Лезвия шести лопат воткнулись в твёрдую, промёрзшую землю. Фрэнк понял, что это действительно работёнка на весь день, поскольку почва плохо поддавалась усилиям зэков. По-хорошему, здесь нужна была кирка, чтобы разбивать плотные слои земли, в которой, ко всему прочему, залегали куски камней и бетона, однако работать заключённые в «Нова Проспект» должны не ради результата, но чтобы наконец утратить своё человеческое лицо.
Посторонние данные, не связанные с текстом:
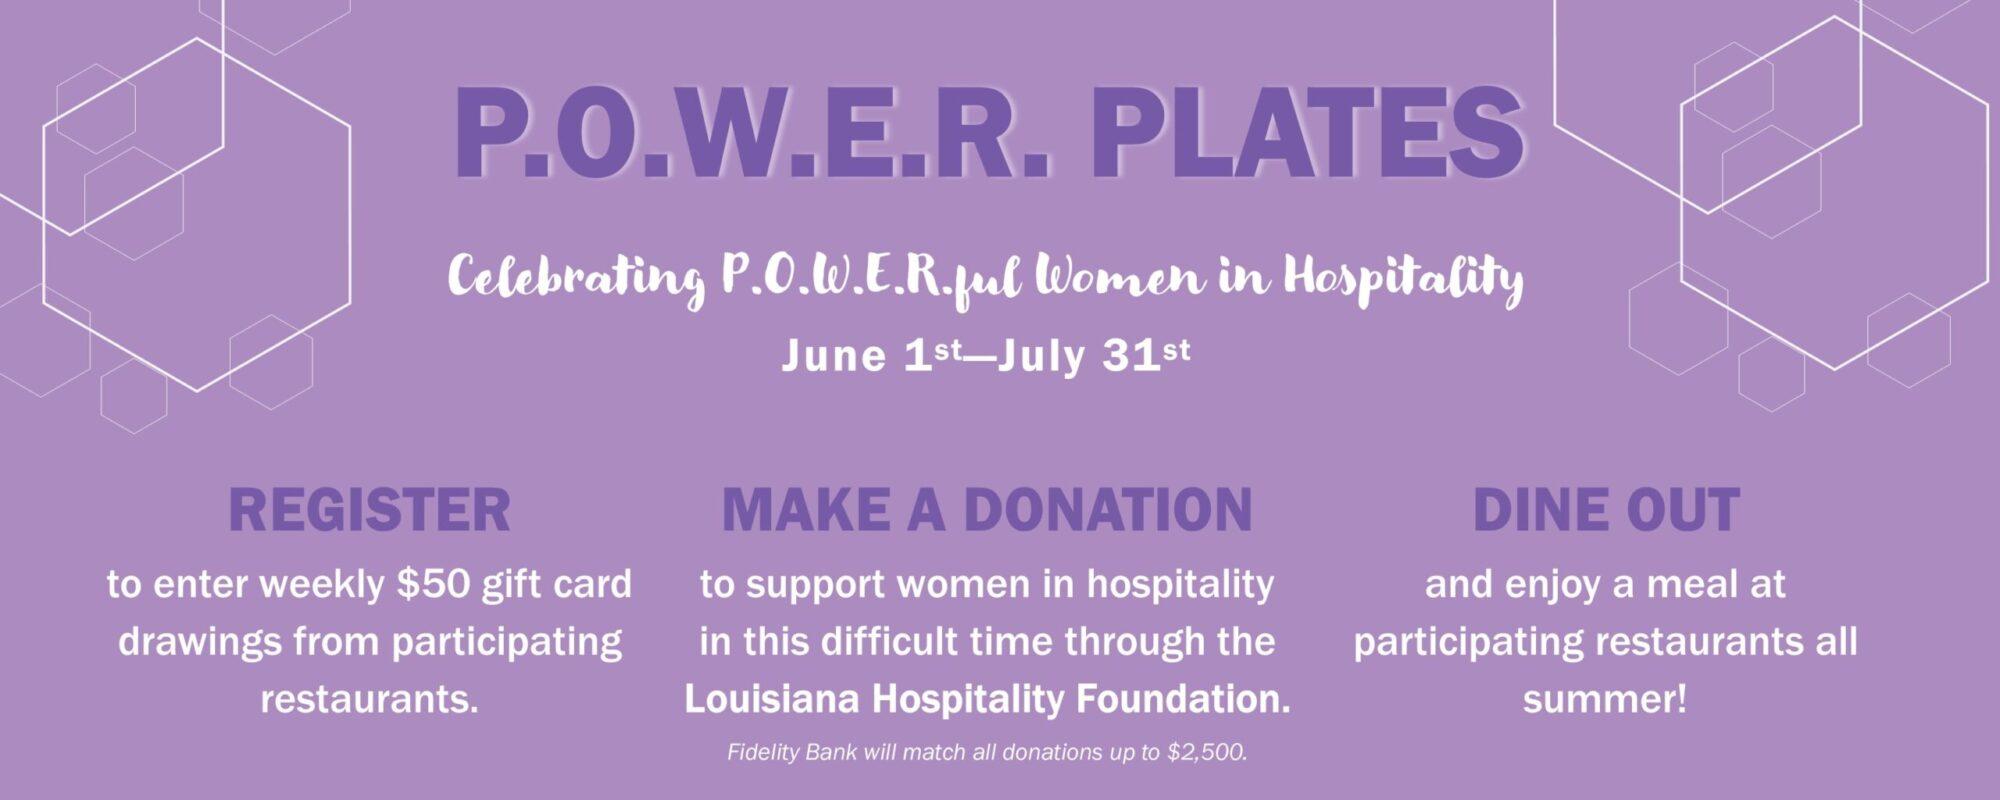 POWER Plates - Banner 2

Отупляющий, безнадёжный труд.
Человек в роговых очках сопел и пыхтел, выковыривая кусочки почвы. У остальных в группе дела шли не намного лучше, однако именно этого человека работа, судя по всему, выматывала больше всего.
Ныли руки и спина, а день едва ли начался. Стоило кому-нибудь хоть на мгновение остановиться, чтобы перевести дух, раздавался лай надзирателя. Если это не помогало вернуть заключённого в работу, надзиратель переходил к силовым методам.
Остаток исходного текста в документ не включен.